— EXERCISE —
Keep images out and repeat all data exactly.

— INPUT DATA —
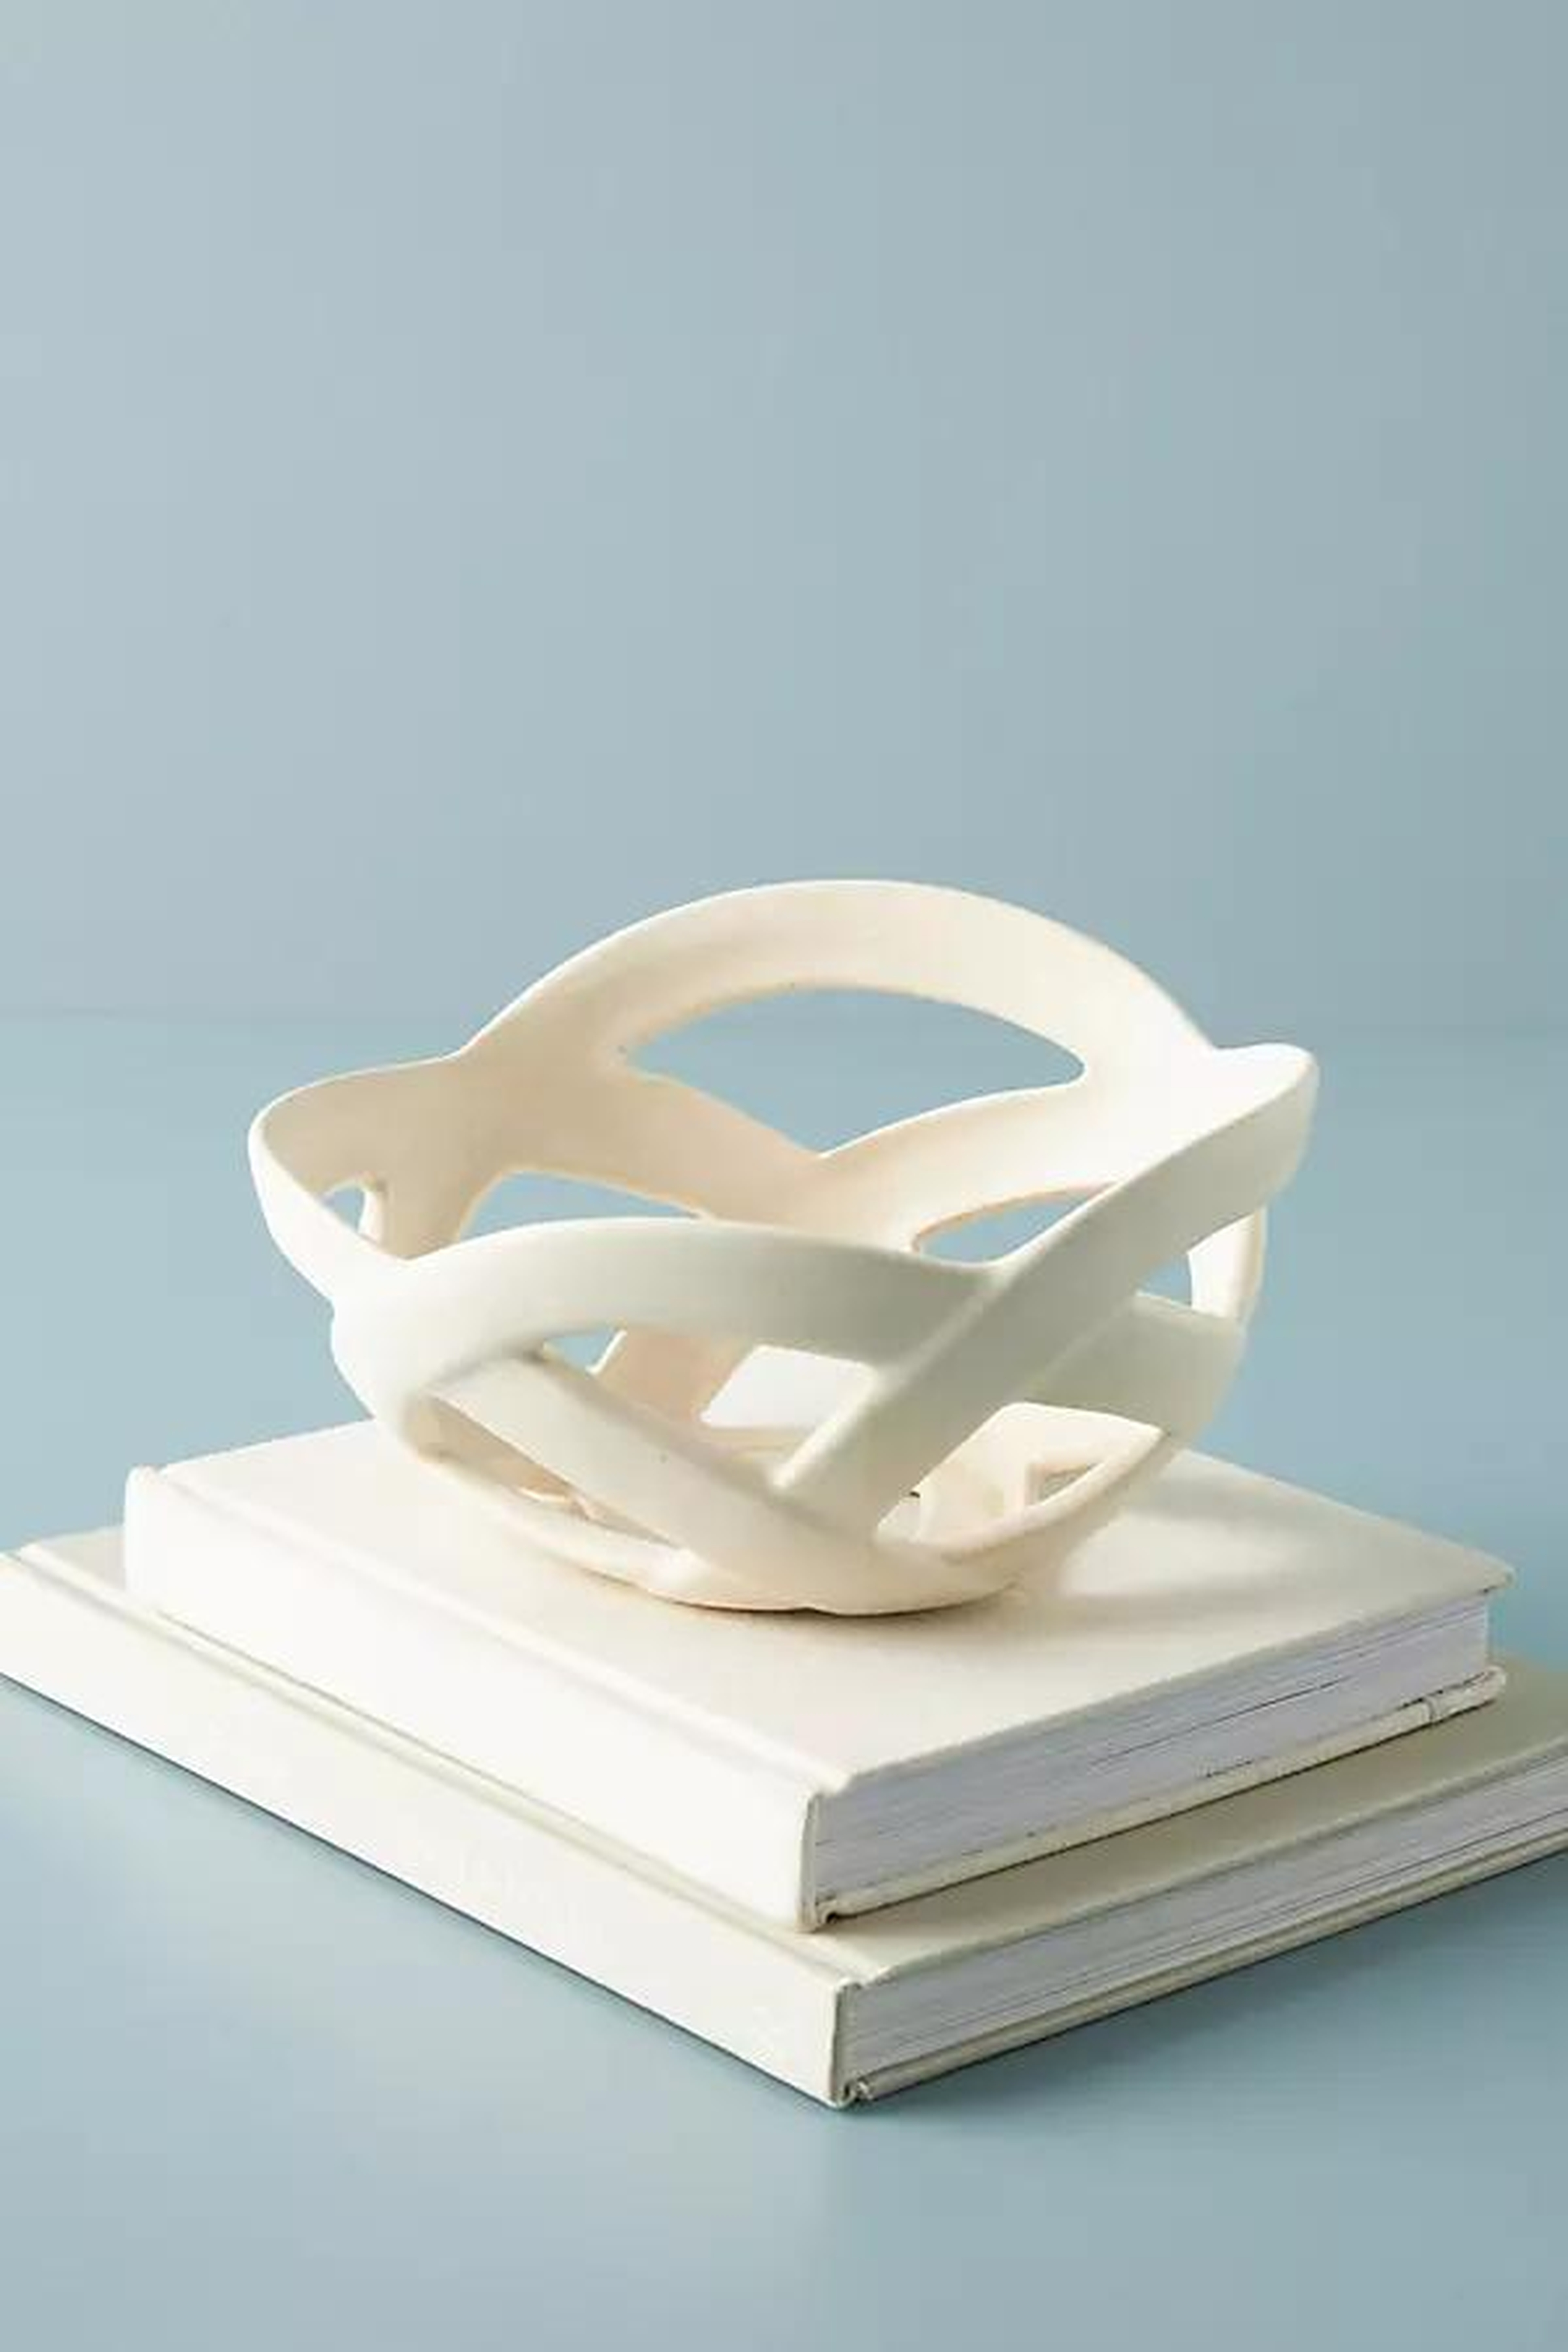 Knotted Decorative Object, White, Medium - Anthropologie
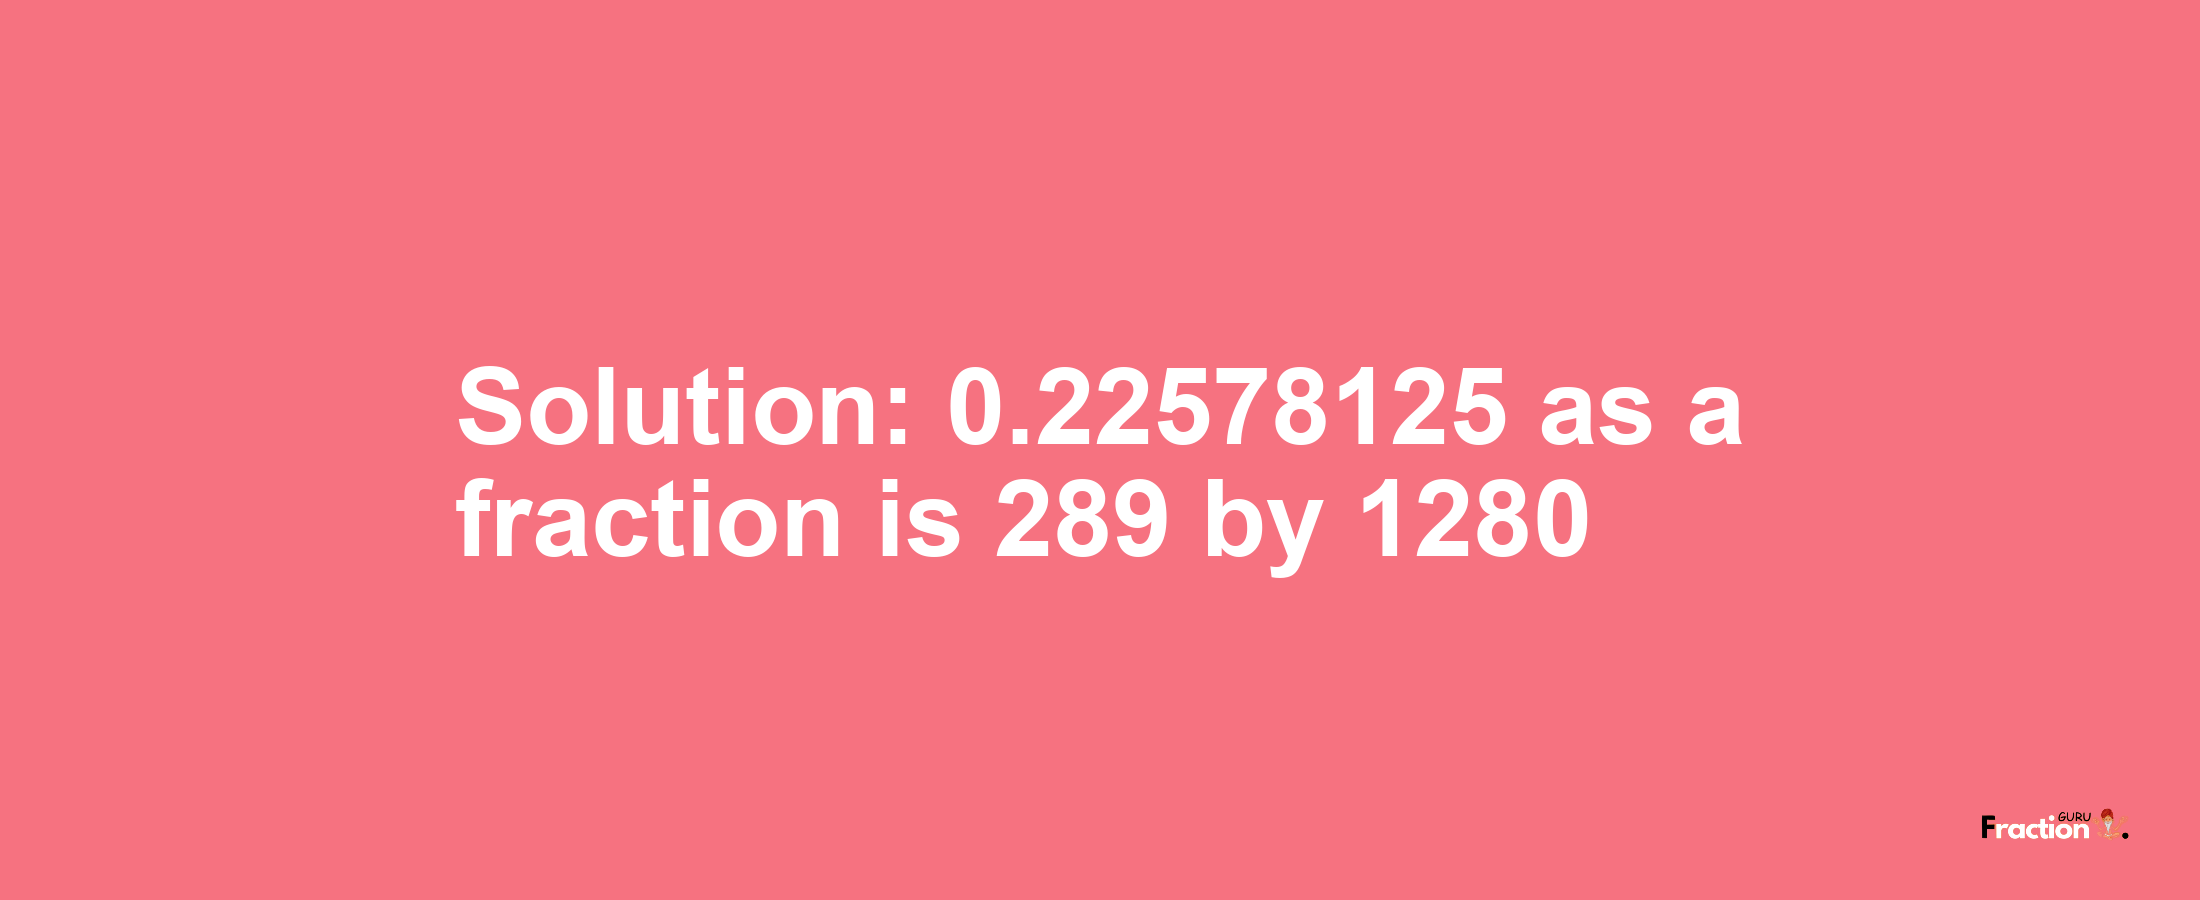 Solution:0.22578125 as a fraction is 289/1280
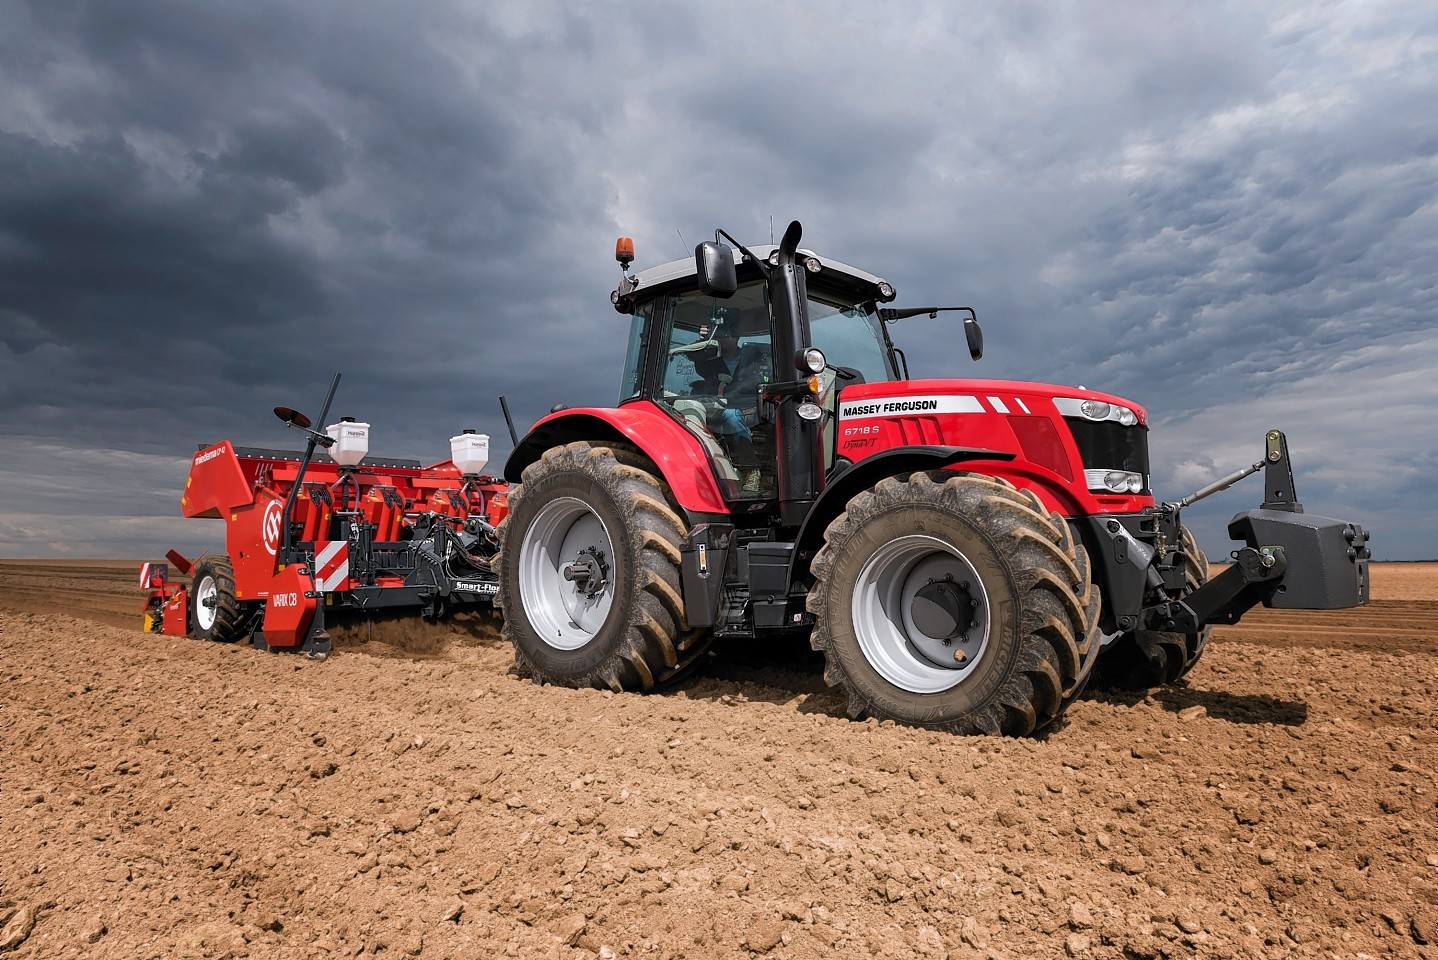 The MF 6718 S has an output of 200hp maximum and is the largest tractor in the range.

— ANSWER SPACE —
 Knotted Decorative Object, White, Medium - Anthropologie
 Solution:0.22578125 as a fraction is 289/1280
 The MF 6718 S has an output of 200hp maximum and is the largest tractor in the range.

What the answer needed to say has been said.